The task of suddenly asking a workforce, never before judged on performance or profitability, to make this shift without impacting the customer experience is more than a challenge. The entire customer experience has been built on loss making practices. How can one then change the infrastructure and habits of the venue without changing the experience? One cannot.
We at OnSite can therefore only emphasize the importance of opening your unit with commercial principles from day one. Start with a profitable customer from day one, focus on efficiencies and profit maximization from day one. With the profits generated, invest those into your business for marketing, advertising and growth and creating an even better customer experience. Refine your margins, refine your operations, streamline your back of house but with these principles, you will be refining an already profitable model as opposed to fixing a model which operates with flawed economic foundations.
I am not suggesting that you focus only on profit at the expense of a customer. There is a fine line here and it requires providing your customers with value for money and a great experience – and in return for this you should receive not only revenue but profit. This is a business not a charity, so operate it as one with credible financial intentions.
Opening restaurant which is immediately loss making and with no clear plan as to how to reverse that immediately creates a sense of false security. Great cash flow, a busy restaurant and fantastic reviews give, as we have noted, a false impression. You are building a restaurant and a customer base that you will quickly have to disappoint. Consider this: your lack of detail on the cost of your stock, for example, may mean your customers are paying lower than market price for a meal you offer them. You may be undercharging because you are not clear how much that plate cost you.

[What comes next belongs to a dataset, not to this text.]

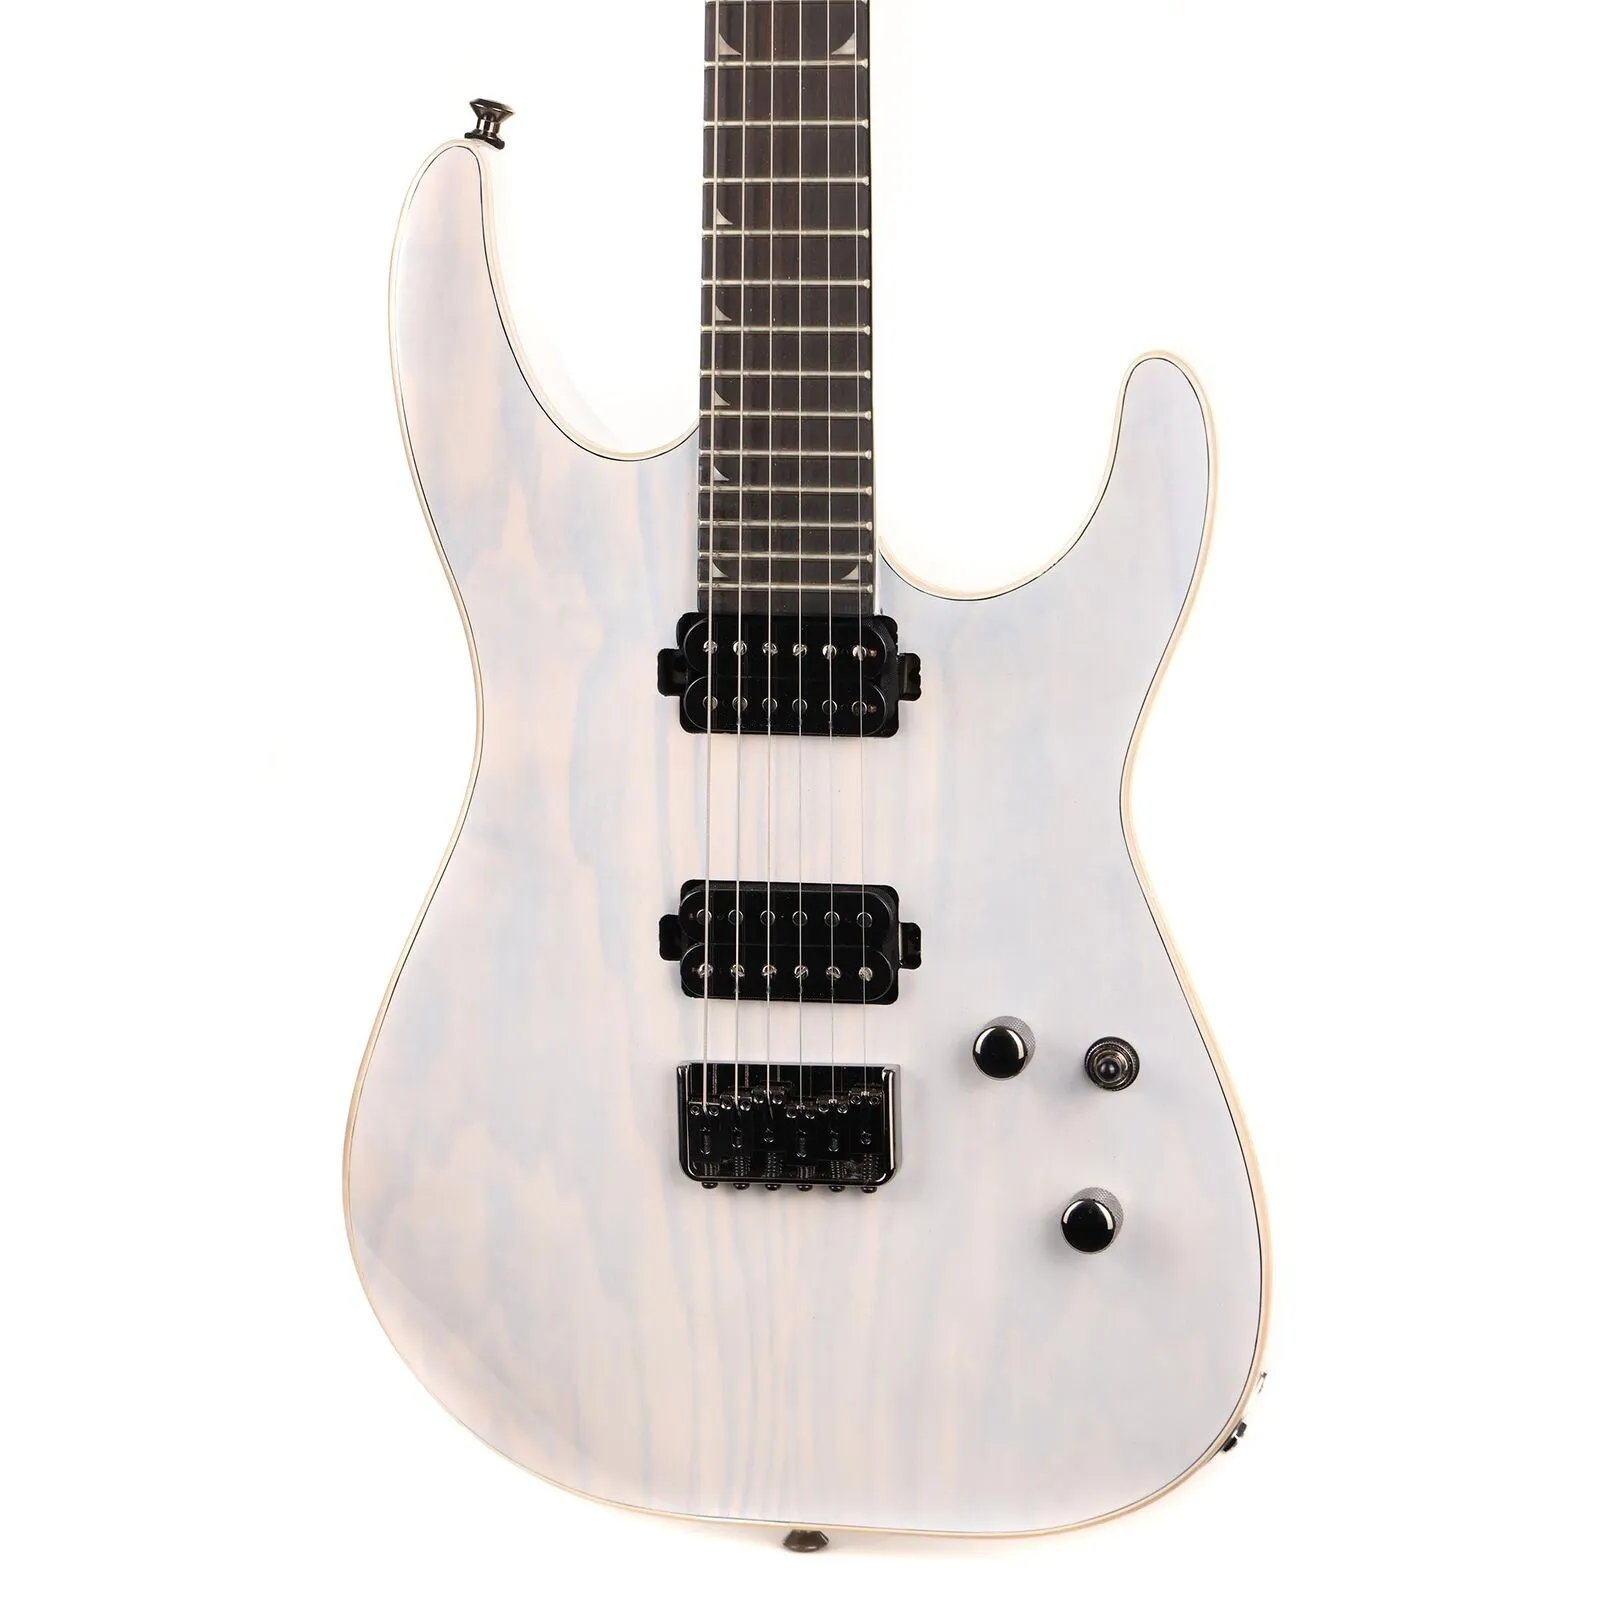 Pro Series solist SL2A MAH HT Unicorn White Electric Guitar som samma av bilderna

Those customers may not be so loyal when the product or the price changes (when you realize you are not charging enough to create a viable restaurant). You have created a benchmark for your experience, service standard and product and any modification could drive such customers elsewhere. Again, this emphasizes that the ‘tweaking’ of your venue should take place before you open and not afterwards.
There is no value or point to opening a restaurant and charging your customers for an experience that loses you money. Once created it is difficult to change and often alienates your customer base. Employees benefit (salary), the landlord benefits (rent) and the vendors thrive (stock), but you’ve lost money. This is clearly not the intention.
Busier restaurant, bigger losses. You may think you need more customers to meet the break-even point based on your existing business model so now you are turning your attention to driving revenue, turning tables and sheer volume. Unless you are a quick-serve, this will never work.
Your ability to juggle the increasing number of angry vendors calling daily takes a huge proportion of management time. However it may be that this feels manageable … until a major obstacle arises.
The “obstacle” is usually in the form of one bad weekend, a need for immediate cash for a marketing program, a sudden sales decline or a big bill that has finally become due. You will suddenly understand the need to work profitability into day one at this point. You cannot pay your ‘today bills’. The snowball effect from there can be dictated as the standard process of decline and is now too late to effectuate the change and now a cash infusion only solves yesterday but does not fix tomorrow.
With every dollar you make there are now three requirements; pay yesterday’s bills that have amassed from your time as an unprofitable restaurant, pay today’s bills and pay into growth for tomorrow’s revenues. How can you cover yesterday, cover today and build for tomorrow when you are waiting for tomorrow’s sales? The answer is simply that you can’t.
Now perhaps you will believe that grow first, profit second a recipe for failure. You must operate your business from day one with a focus on profit- irrespective of gross revenues. You must build your growth and your business on profit – not cash flow. This is not overzealous capitalism but merely sensible and practical business advice without which your restaurant will not survive.